While multitasking, forbidding direct hardware access, would have required most applications to be rewritten deeply - and that was exactly what many software developers back then feared, when real mode application still sold like hotcakes - often at prices of some hundred dollars (people forgot how software was expensive then). Many failed the transition to Windows (and OS/2) exactly for that reason.
There were attempts to write some "DOS better than DOS", but all of them failed because lack of interest, but some DOS extenders. GUI offered advantages that were too big to be ignored, and still the obstacles to rewriting applications meant the failure of many DOS companies.
"For all their past mistakes, the 80386 did resolve most issues. Flat memory, 32 bit registers, more orthogonal instruction set"

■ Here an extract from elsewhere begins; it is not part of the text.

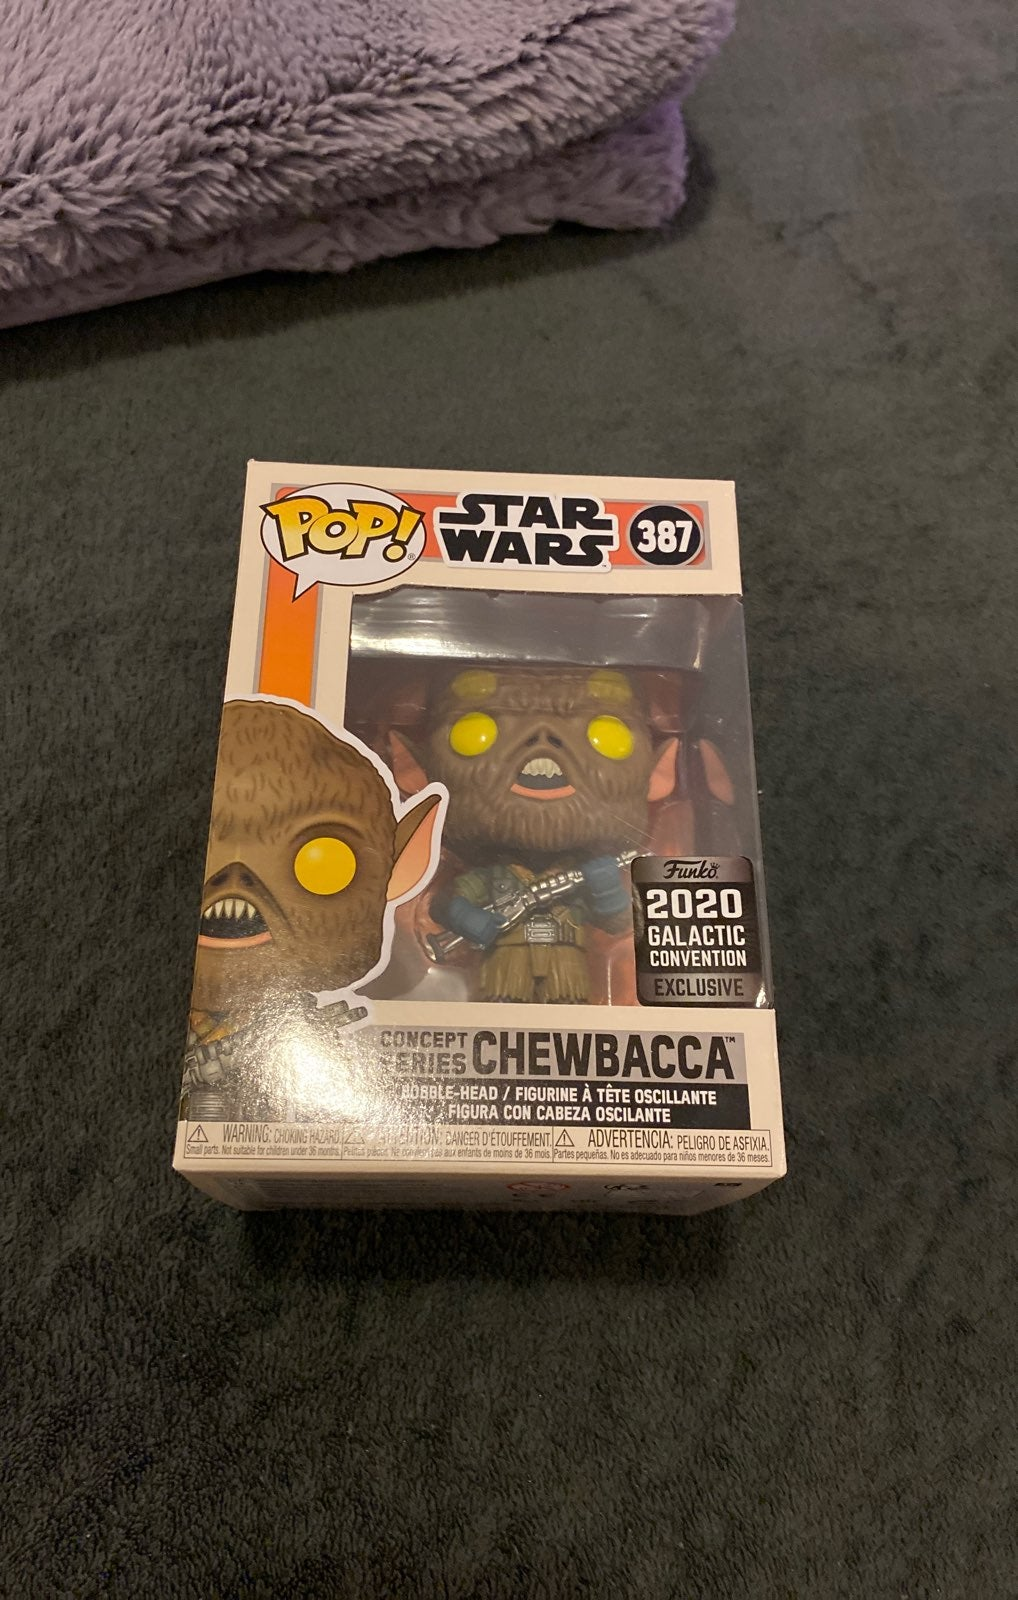 Chewbacca Concept Series Funko Pop

In other words, the issues that Motorola got more-or-less right in the first place with the 68000. While I've spent almost all my professional life dealing with Intel based systems, I've always thought the way Motorola broke with the 8-bit architecture* when producing a more advanced processor was a better approach.
Certainly, some of your suggestions (e.g. 256 byte aligned segments) would have given a 16MByte address range (comparable with the the 68000) and 80186 instructions would have been nice to have from the start (if I remember correctly, there were some 80186 'almost PC compatibles' around - the 80186 built in peripherals and associated interrupt map didn't quite match those used in a standard PC), but going from the 8080 to pentium class and beyond CPUs seemed more like a fade-in rather than a step-change, with current generations carrying all the baggage of previous ones.
In a sense, keeping all the previous baggage makes people (including me) lazy/stingy (you decide!) - I was still using software originally written for an MSDOS 3.1 8086 machine when I had a 486 machine with Windows98SE.
*admittedly not entirely, as some instructions were designed to allow easy use of their 8-bit IO devices.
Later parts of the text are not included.